**** Data records

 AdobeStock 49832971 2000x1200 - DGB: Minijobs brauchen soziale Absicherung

********
**** Data records

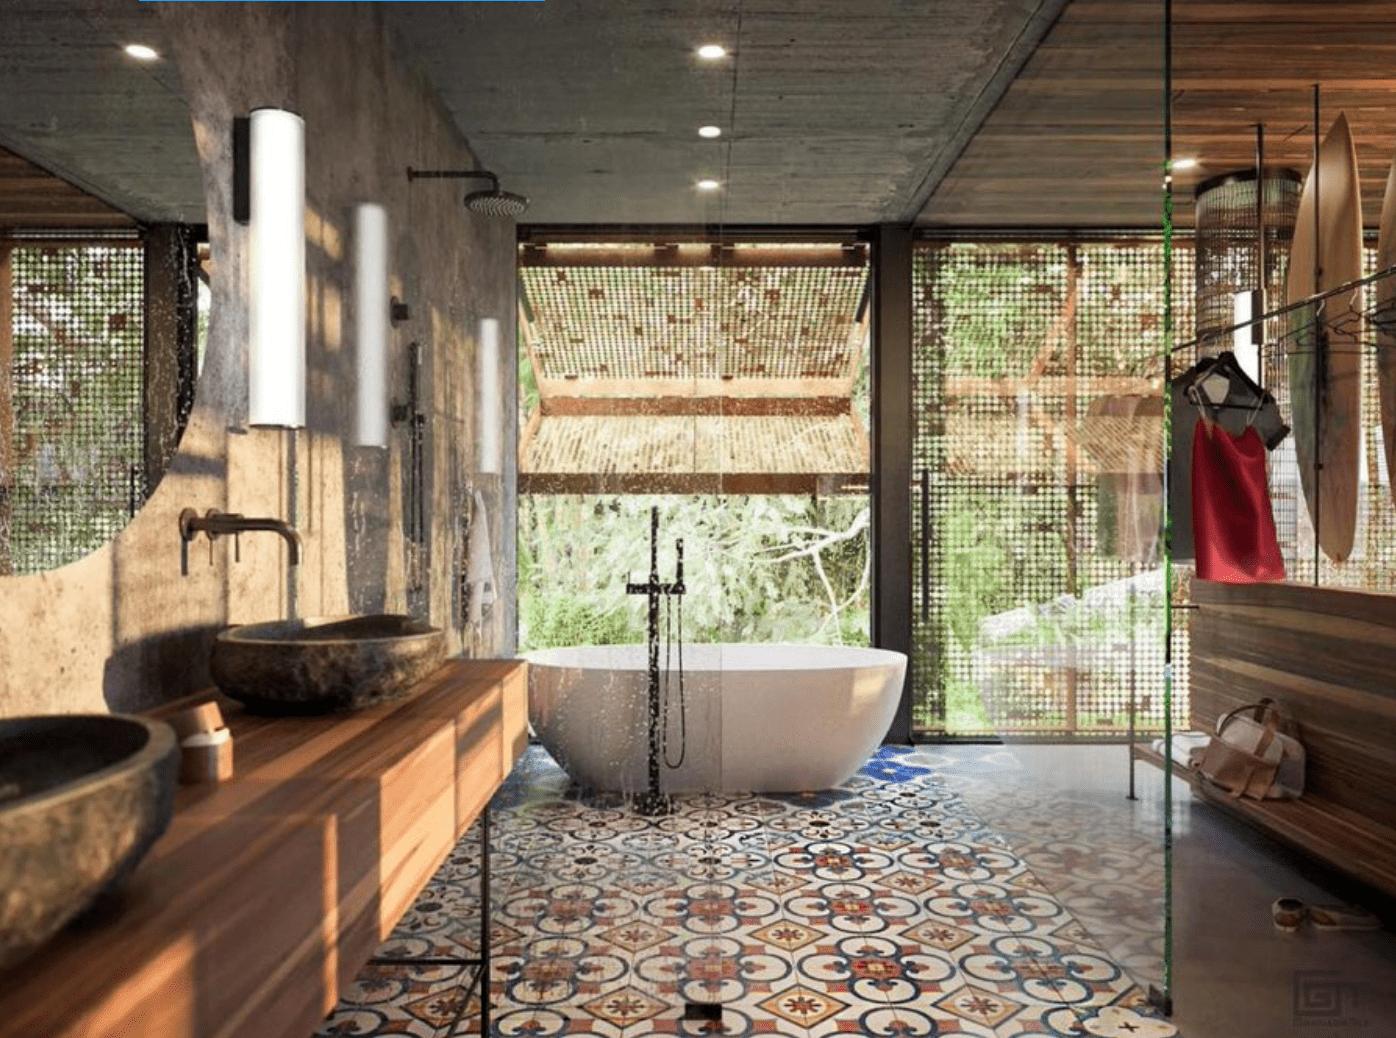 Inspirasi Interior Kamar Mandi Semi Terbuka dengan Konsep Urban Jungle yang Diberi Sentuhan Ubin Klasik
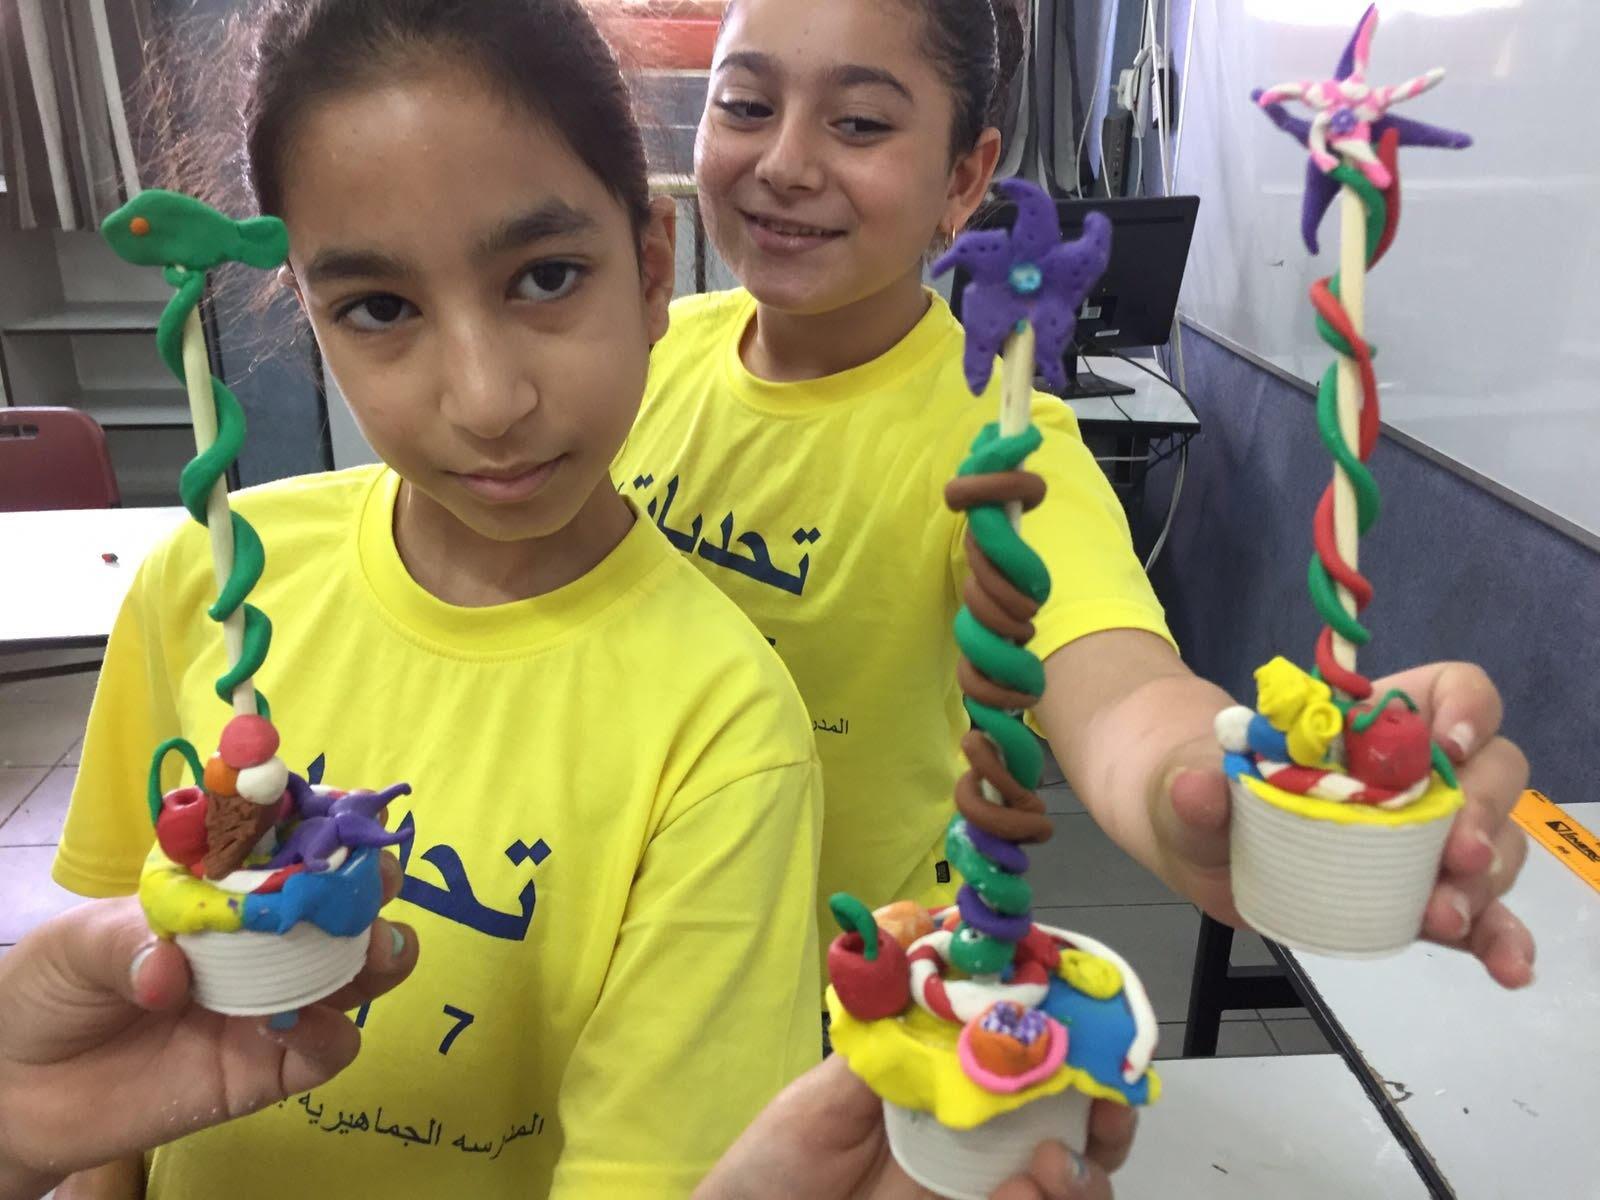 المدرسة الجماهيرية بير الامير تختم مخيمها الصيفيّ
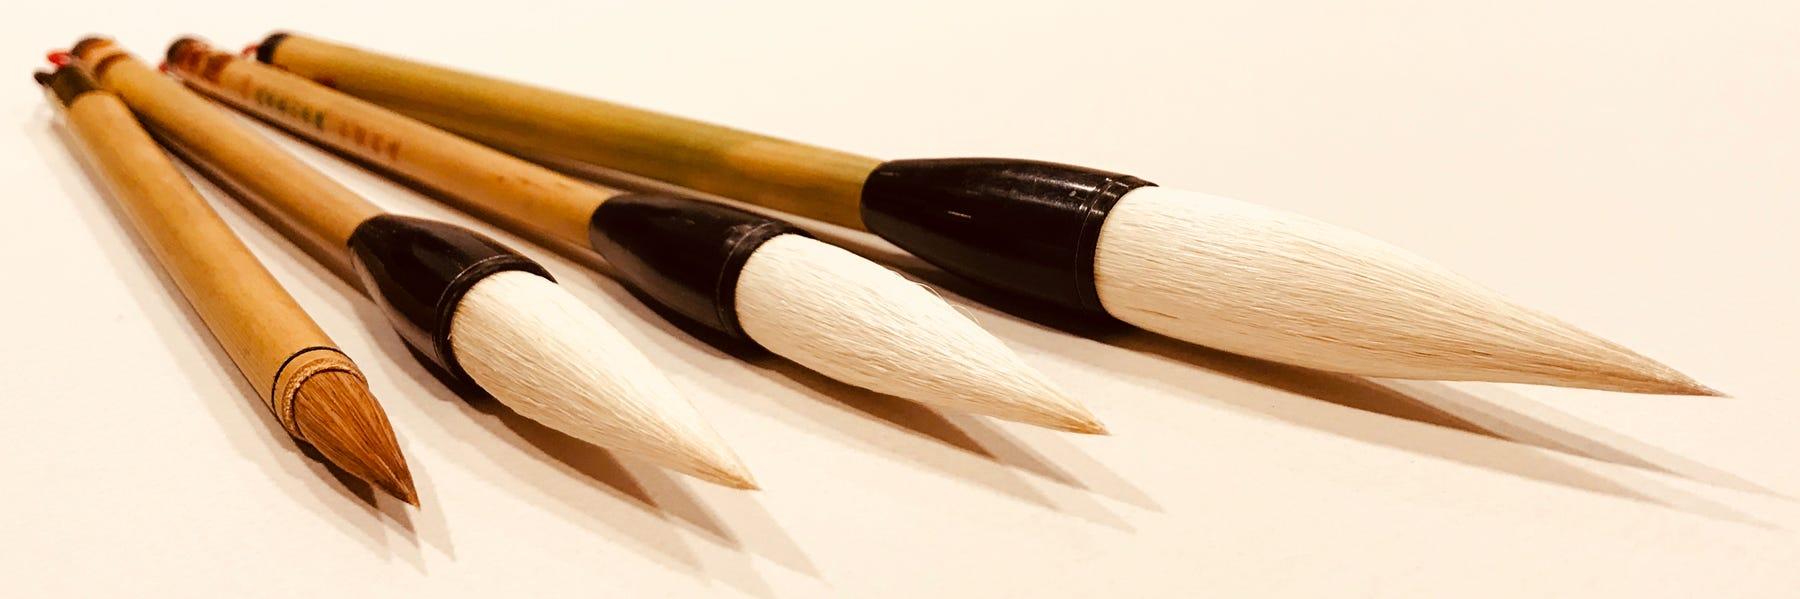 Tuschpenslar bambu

********
**** Data records

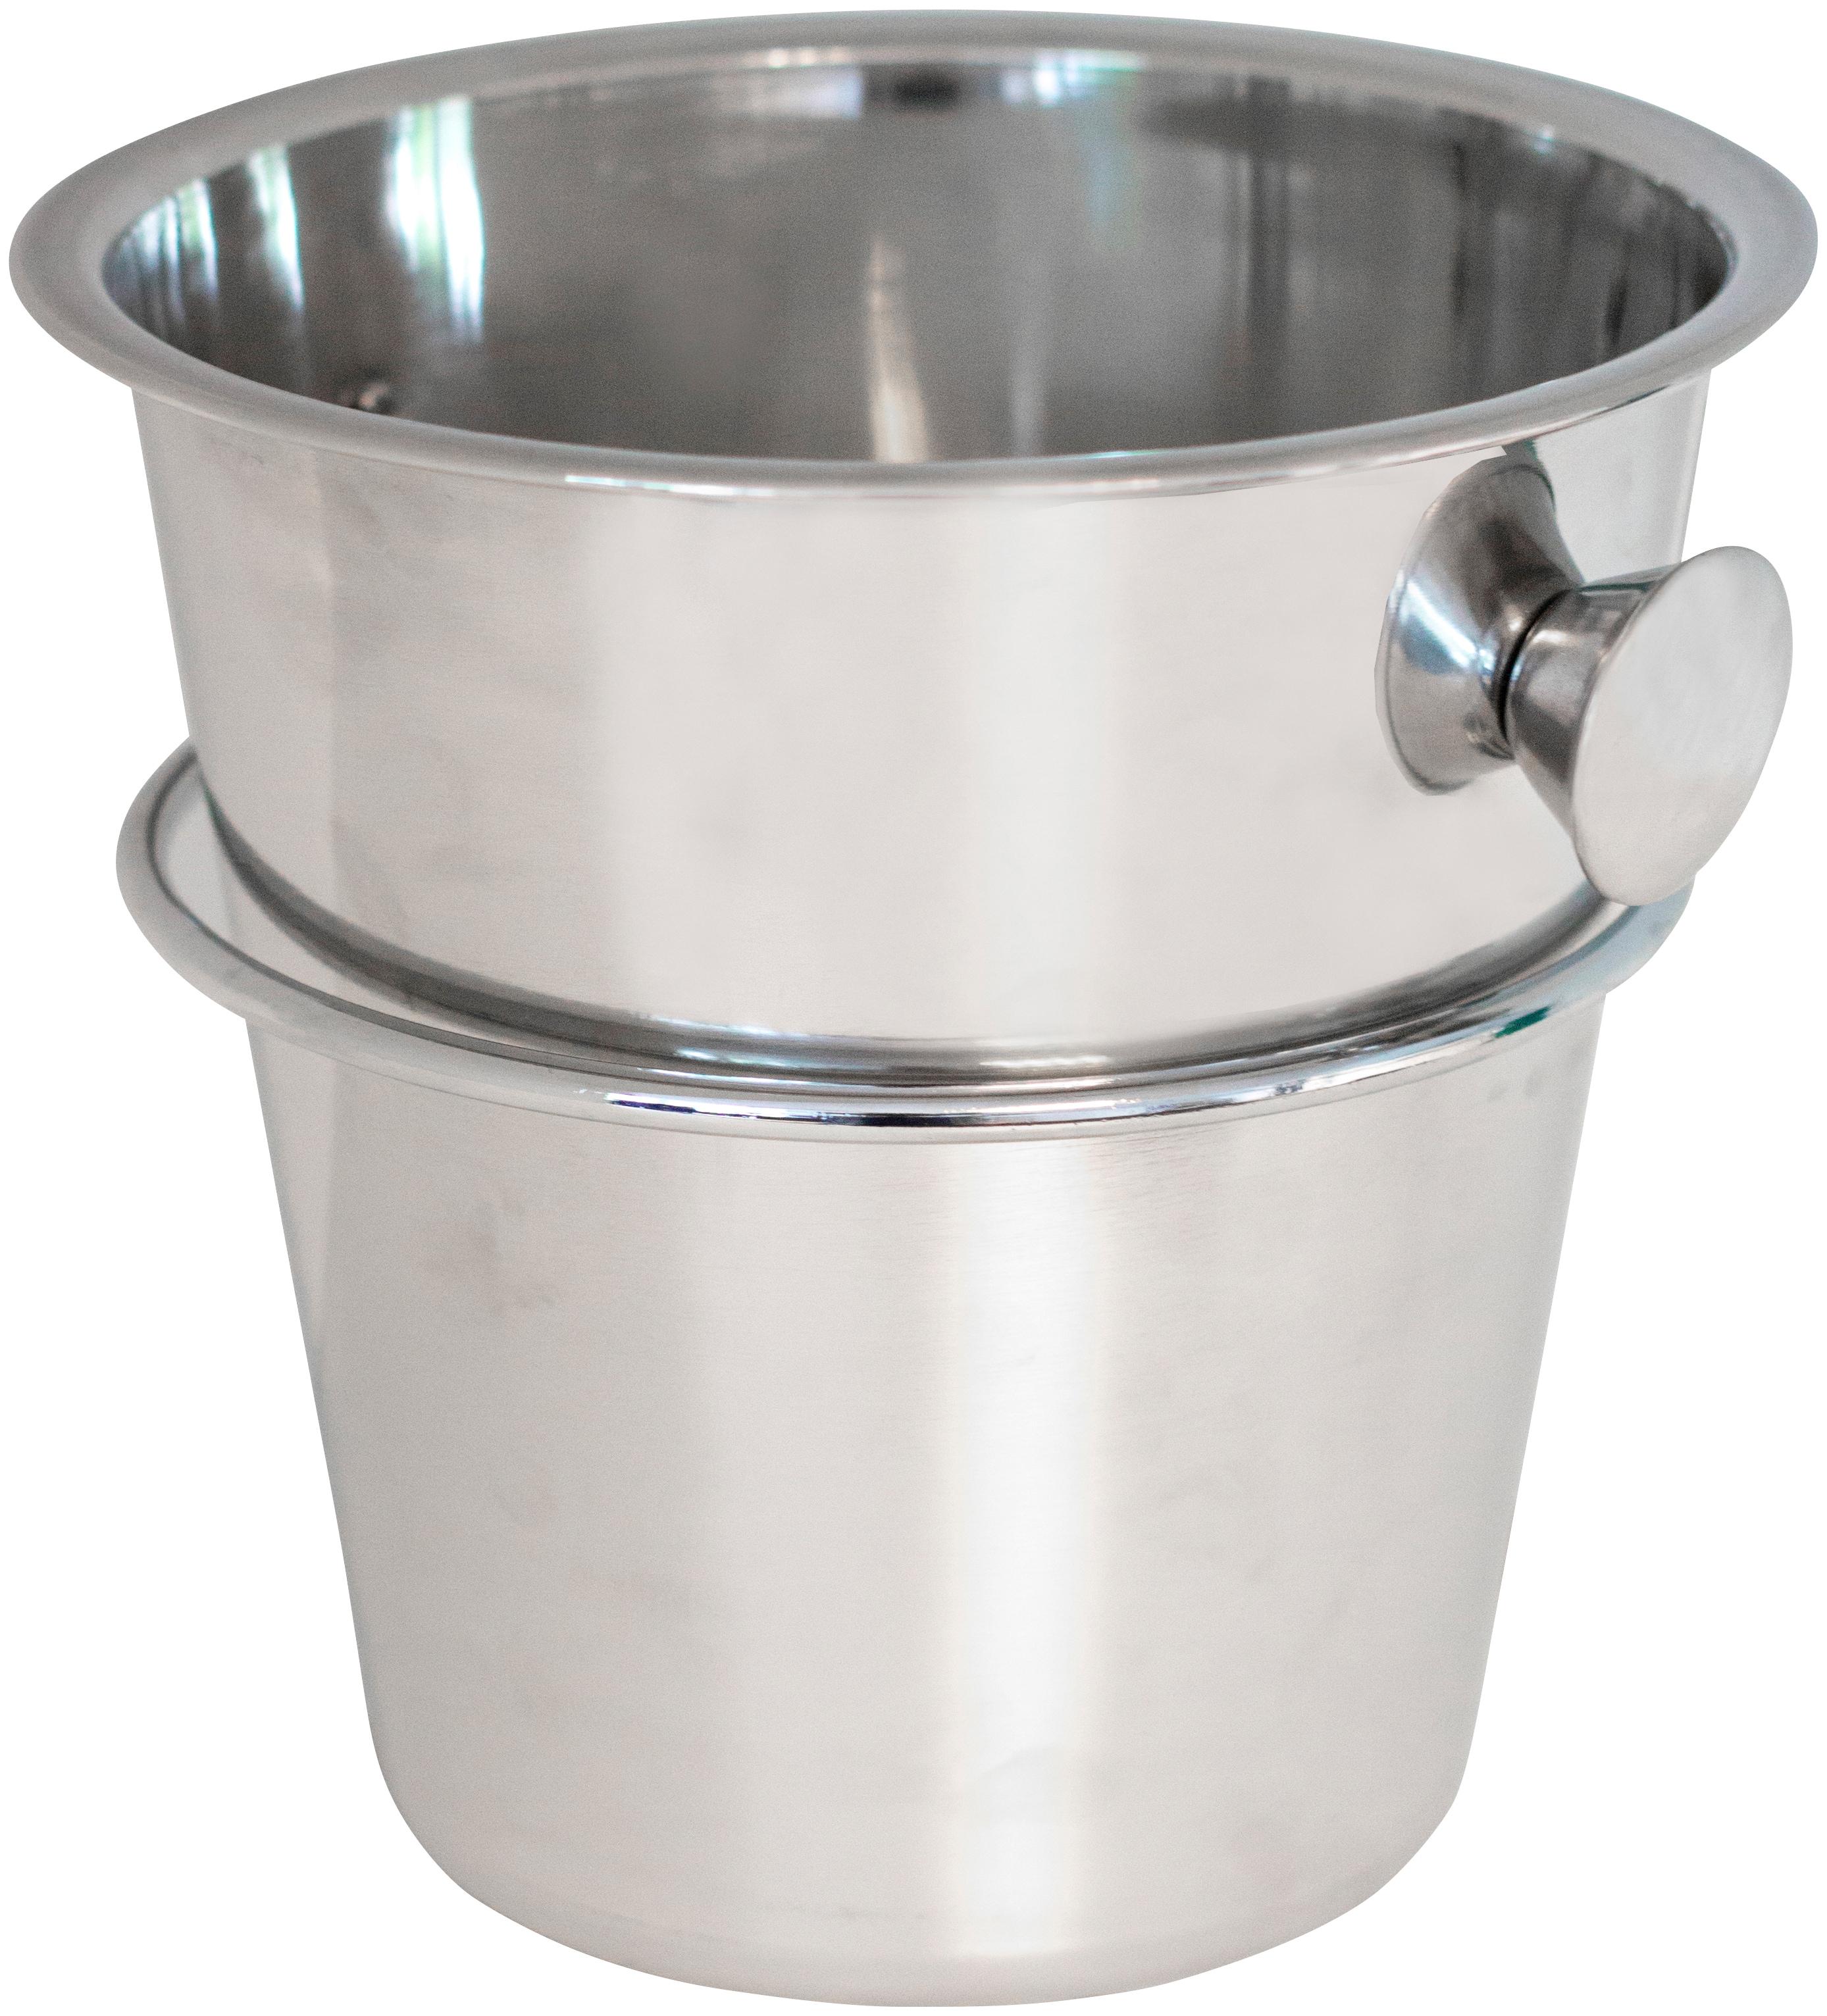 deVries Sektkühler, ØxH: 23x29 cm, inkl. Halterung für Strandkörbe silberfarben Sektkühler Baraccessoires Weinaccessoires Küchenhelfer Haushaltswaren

********

In the entries above, find the line that contains "Inspirasi Interior Kamar" and the line that contains "Tuschpenslar bambu". Reproduce exactly those two lines and every line between them, but not the pictures.

 Inspirasi Interior Kamar Mandi Semi Terbuka dengan Konsep Urban Jungle yang Diberi Sentuhan Ubin Klasik
 المدرسة الجماهيرية بير الامير تختم مخيمها الصيفيّ
 Tuschpenslar bambu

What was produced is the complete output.